Tonight at 7 o’clock, a meeting on the regranting and technical assistance aspects of the proposal will be held at the Educational Cultural Complex in Southeast San Diego. On Friday, a meeting on audience development will be held at University City’s Standley Park Recreation Center, also at 7 p.m. On March 7, a meeting to report on the consensus of the three COMBO grant subcommittees will be held at COMBO’s offices downtown at 7 p.m. And on March 14, a meeting on the final draft of the proposal is set for 7 p.m., location to be announced.

ARTBEATS: The San Diego Symphony Orchestra has several new board members--Valerie Scott, Linda Chester and, most prominently, former state Business, Transportation and Housing Secretary Lynn Schenk, who will be devoting her attention to the capital campaign for the orchestra’s Fox Theatre project . . . Meanwhile, the San Diego Pops Orchestra has been granted a five-year partial use and occupancy agreement by the City Council for its concert site on Hospitality Point . . .

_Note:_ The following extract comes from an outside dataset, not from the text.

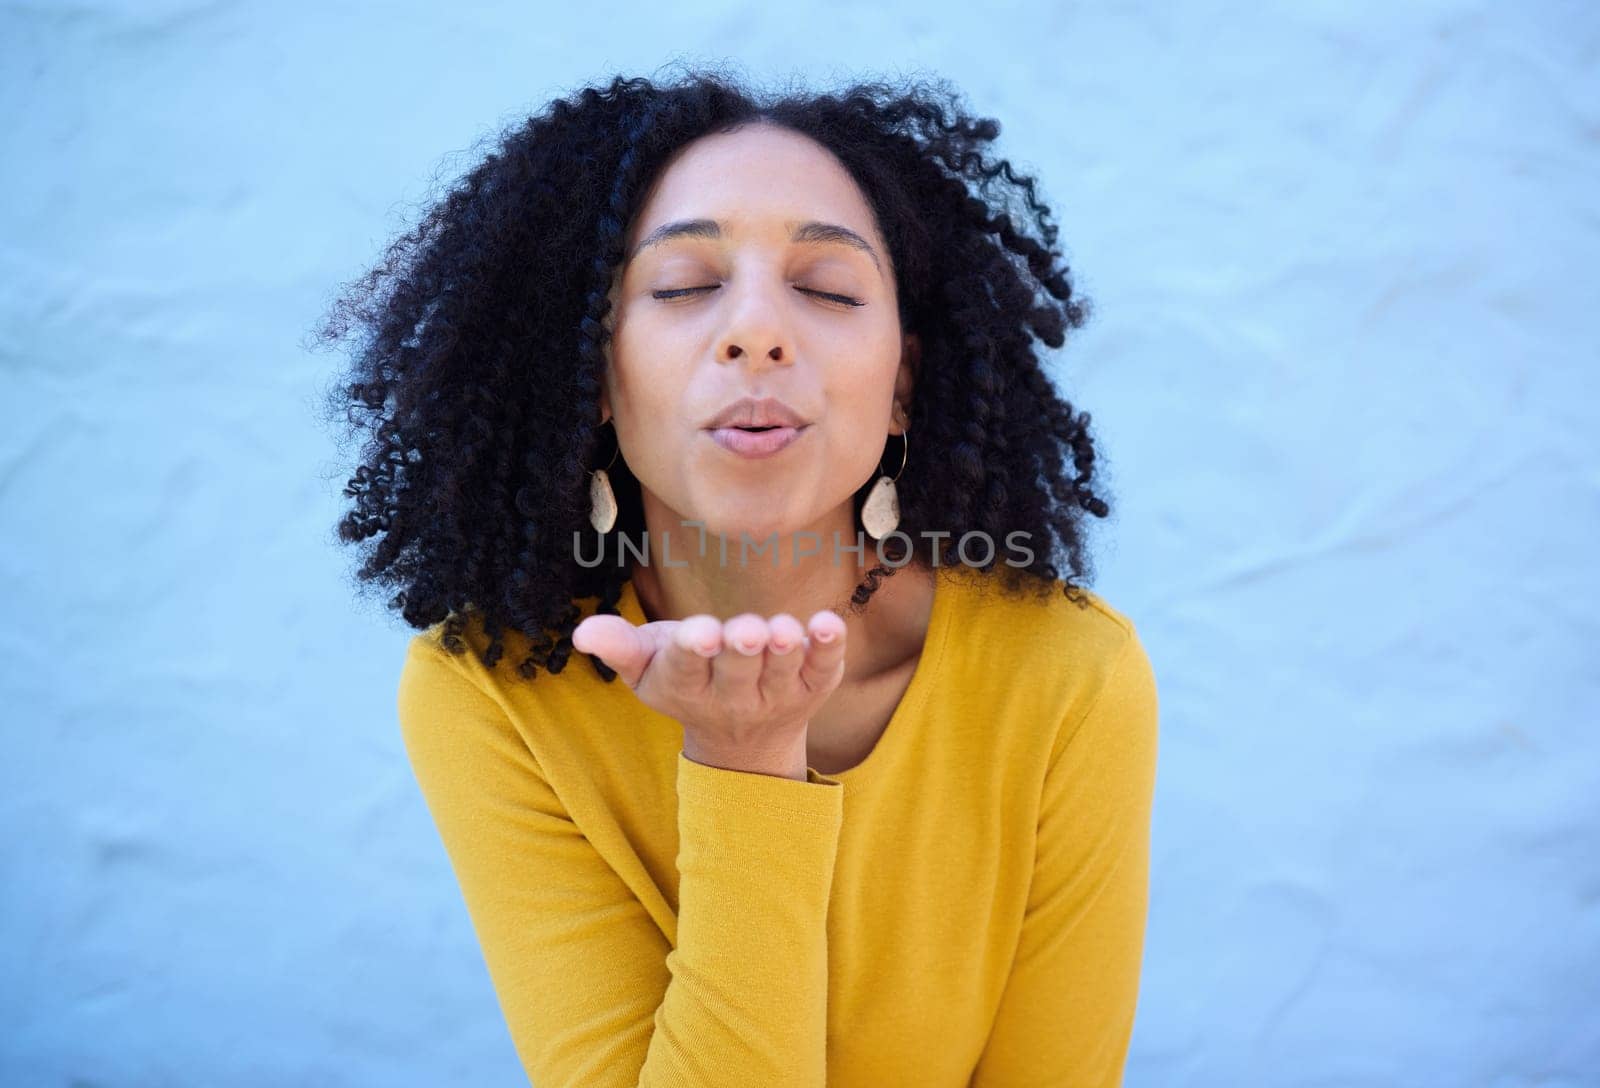 Black woman blowing kiss in air for love, care and flirting on blue background, wall backdrop or outdoor. Young girl, hand kisses and expression of happiness, romance and kissing face emoji with lips.

Because of production delays, the UC San Diego Theatre has postponed until further notice its production of “Shachiapang: A Work in Progress,” which was to open next Thursday at the Mandell Weiss Center for the Performing Arts. “Frozen Assets,” the comedy by Barrie Keefe, which was slated to run in repertory with “Shachiapang,” will be performed as originally announced, previewing Wednesday.